彼女は、ちょっと肩を竦めてから、話を続けた。
「原潜で、フックのついたワイヤを一海里くらい伸ばしておいて、支援船の周りを一周するのよ。支援船は、直ぐ近くは、常時監視しているけど、周辺は監視していないし、ワイヤみたいな細い物は、コンピュータが魚と間違って表示から消してしまうの」
「それで、見付からないようにフックをケーブルに引っかけられたんだな」
「そうよ。貴方がケーブル撤去中に見たケーブル表面の引っ掻いたみたいな傷は、フックか、ワイヤーが付けたんでしょう」
 暗闇の中を昇っていくケーブルの情景が、瞼に浮かんだ。あの直後に、緊急脱出球にケーブルが絡まって、あんな引っ掻き傷なんか、すっかり忘れていた。
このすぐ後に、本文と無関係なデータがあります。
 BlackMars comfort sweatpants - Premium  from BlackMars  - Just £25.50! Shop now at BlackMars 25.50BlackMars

「フックを引っかければ、後は、潜水艦で目一杯引っ張るだけ。排水量では、ダーウィンも負けてないけど、推力じゃ敵わないわ。おまけに、潜水艦は耐圧船殻をもってるから、ダーウィンにしてみれば、堪ったものじゃないわ。船長は、船を守るために、ワイヤを切断するしかなかったのよ」
 深呼吸したつもりが、大きな溜息になった。
 ワイヤを切断したために、鉄腕達は生命の危機に晒され、多くの人と資材が投入された。運搬船の沈没を隠すために、いかなる犠牲も厭わない軍の行動が、タッカには納得ができなかった。
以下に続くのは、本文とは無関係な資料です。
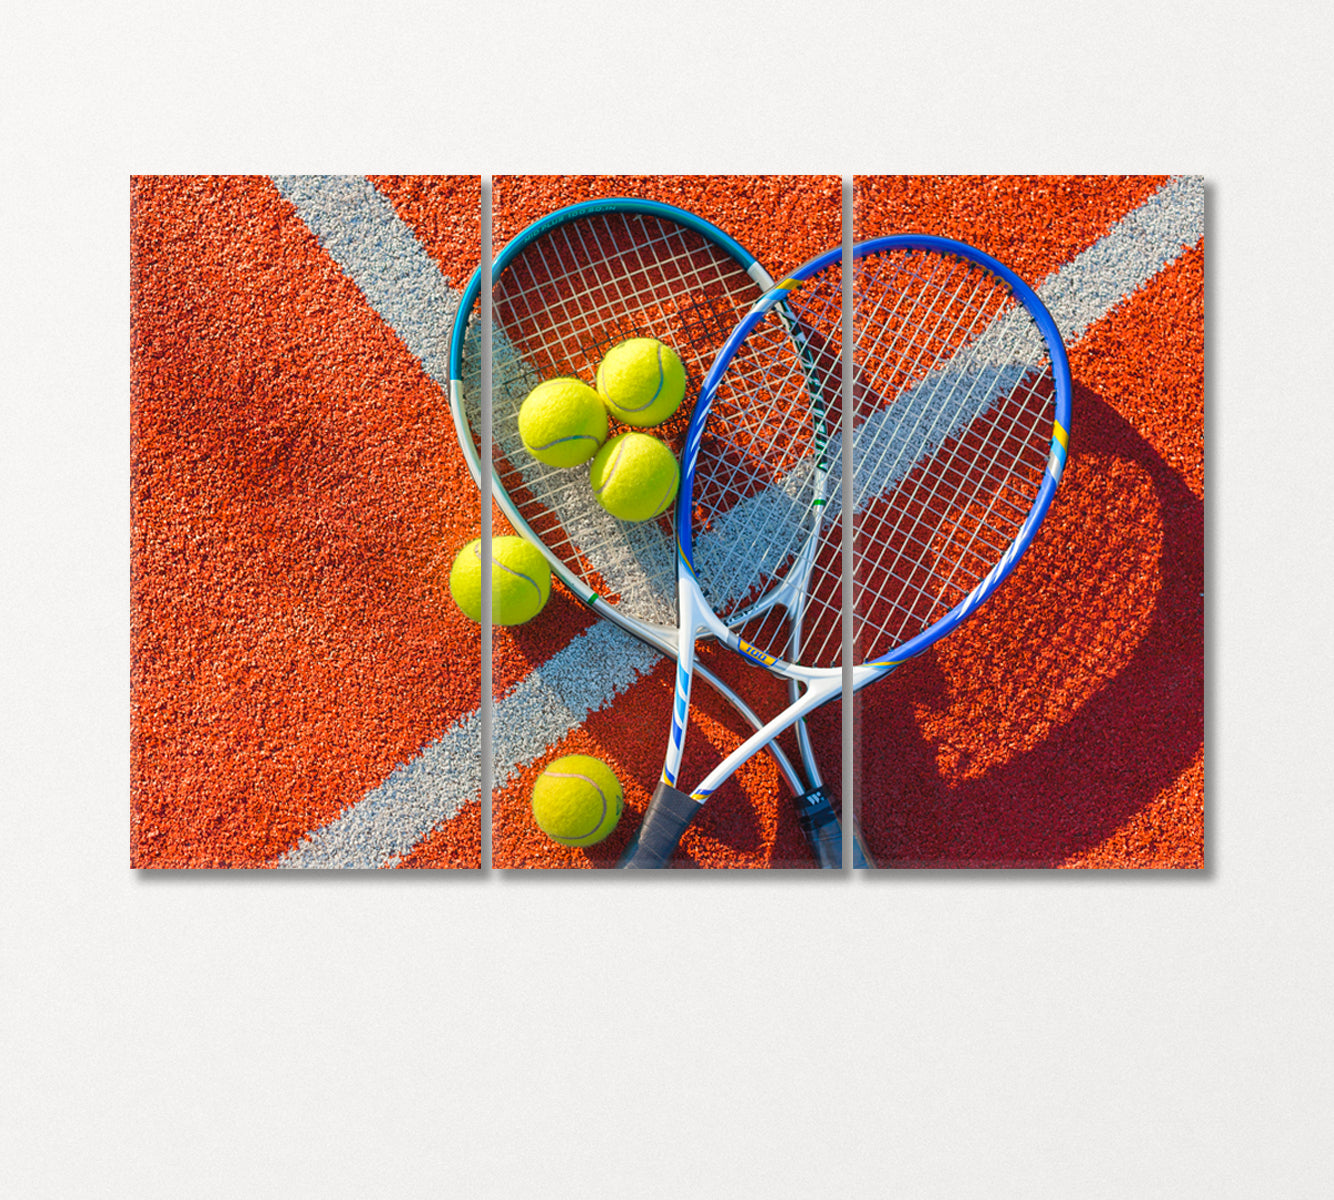 Pair of Tennis Rackets and Five Balls Canvas Print-Canvas Print-CetArt-3 Panels-36x24 inches-CetArt

「おい、ユカリの力で、これを公にする事は、できないのか?」
 ユカリは、クスッと笑っただけで、答えなかった。
「その事は、後で説明するわ。それより、報告書と始末書を書いてよ。何せ、五千万ドルもするS-2Rの水中エレベータを捨てたんですからね」
「おい……」
「おまけに、緊急脱出球も駄目にして、最後には、海底基地の半分を捨ててきたでしょう。これは、とんでもない損害額になるわよ。しっかり、言い訳を書かないと、全額弁償になっちゃうかも」
 タッカは、必死に弁明したが、彼女は、「言い訳は、報告書に書きなさい」と言うだけで、笑って取り合ってくれなかった。